## Assignment
Within the listing below, the lines to output run from the one containing "POINT D’ENCRE présente" through the one containing "Thuật toán khai"; copy them exactly and nothing else.

## Exercise inputs
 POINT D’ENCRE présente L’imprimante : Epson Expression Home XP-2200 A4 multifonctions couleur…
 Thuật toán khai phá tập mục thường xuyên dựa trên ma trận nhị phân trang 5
...
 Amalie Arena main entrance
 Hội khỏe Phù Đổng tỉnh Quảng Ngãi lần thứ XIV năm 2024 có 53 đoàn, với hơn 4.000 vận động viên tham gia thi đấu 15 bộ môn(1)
* * *
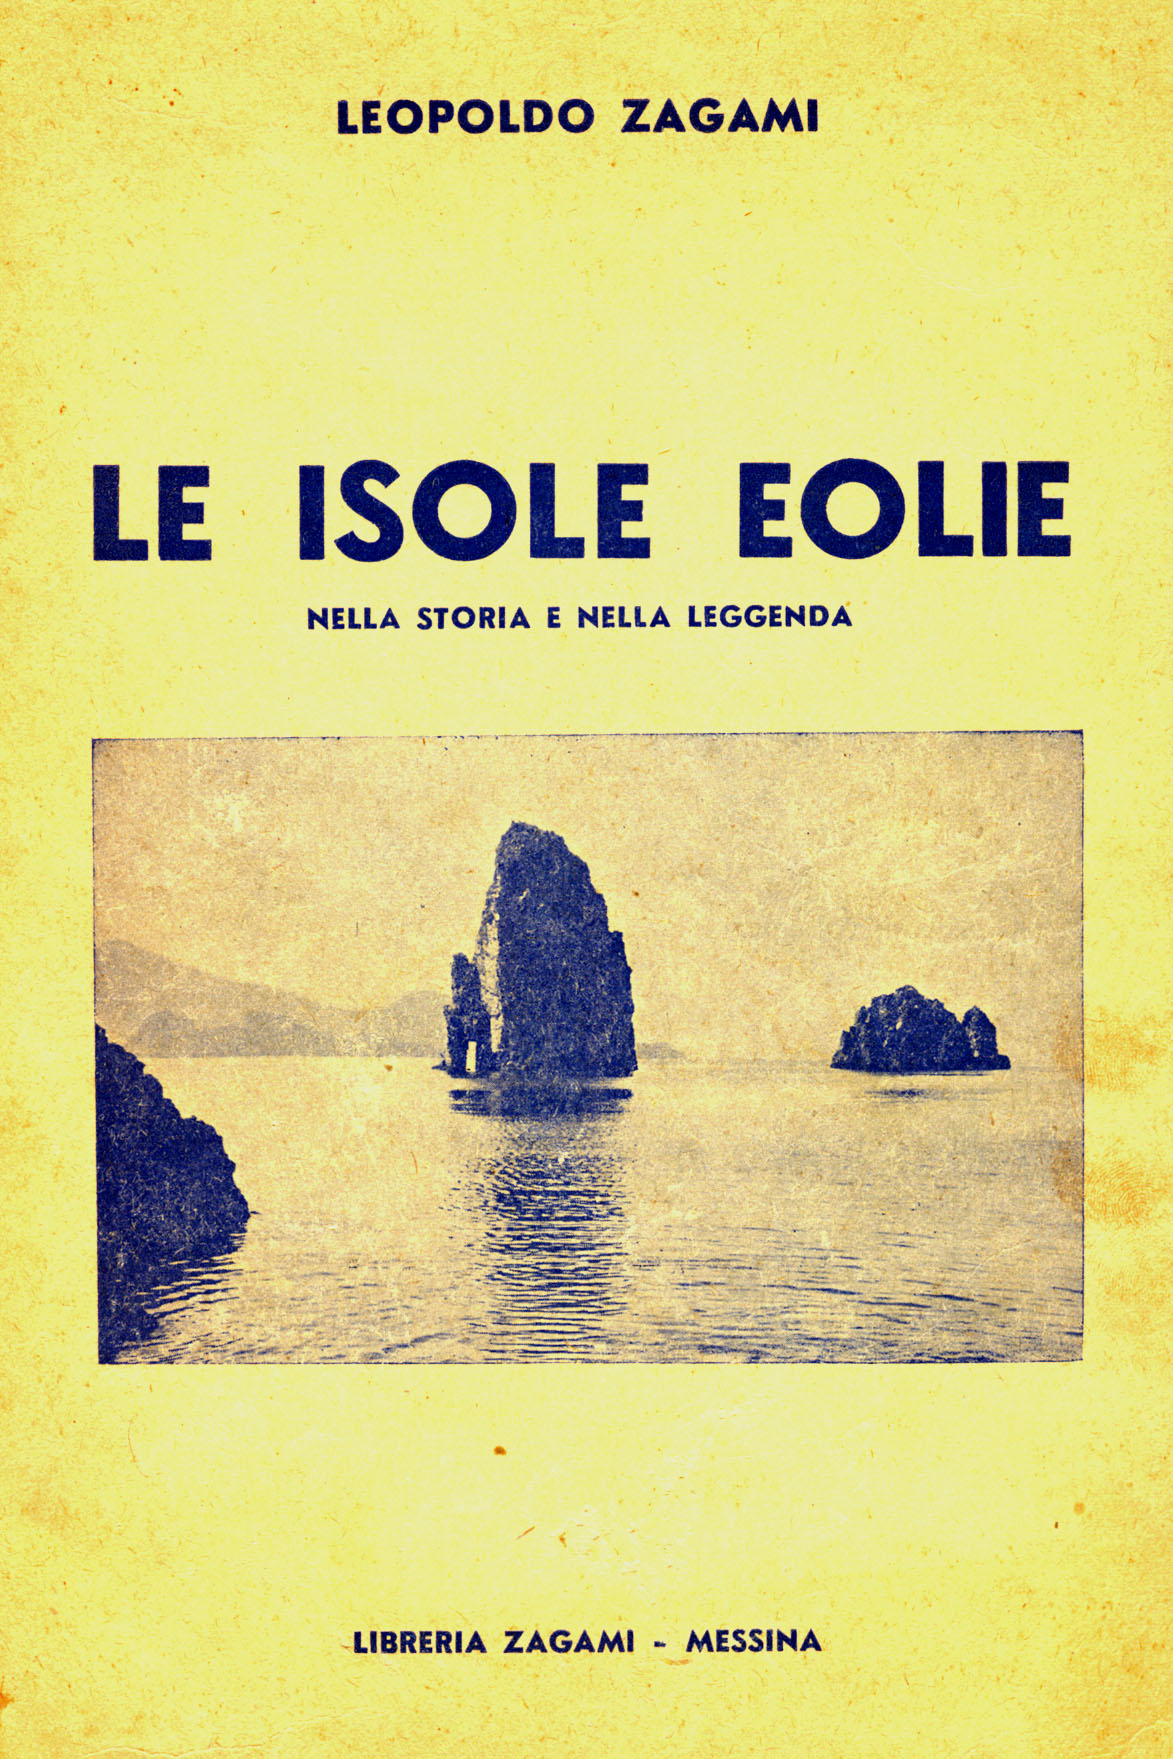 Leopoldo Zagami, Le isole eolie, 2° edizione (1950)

## Task output
 POINT D’ENCRE présente L’imprimante : Epson Expression Home XP-2200 A4 multifonctions couleur…
 Thuật toán khai phá tập mục thường xuyên dựa trên ma trận nhị phân trang 5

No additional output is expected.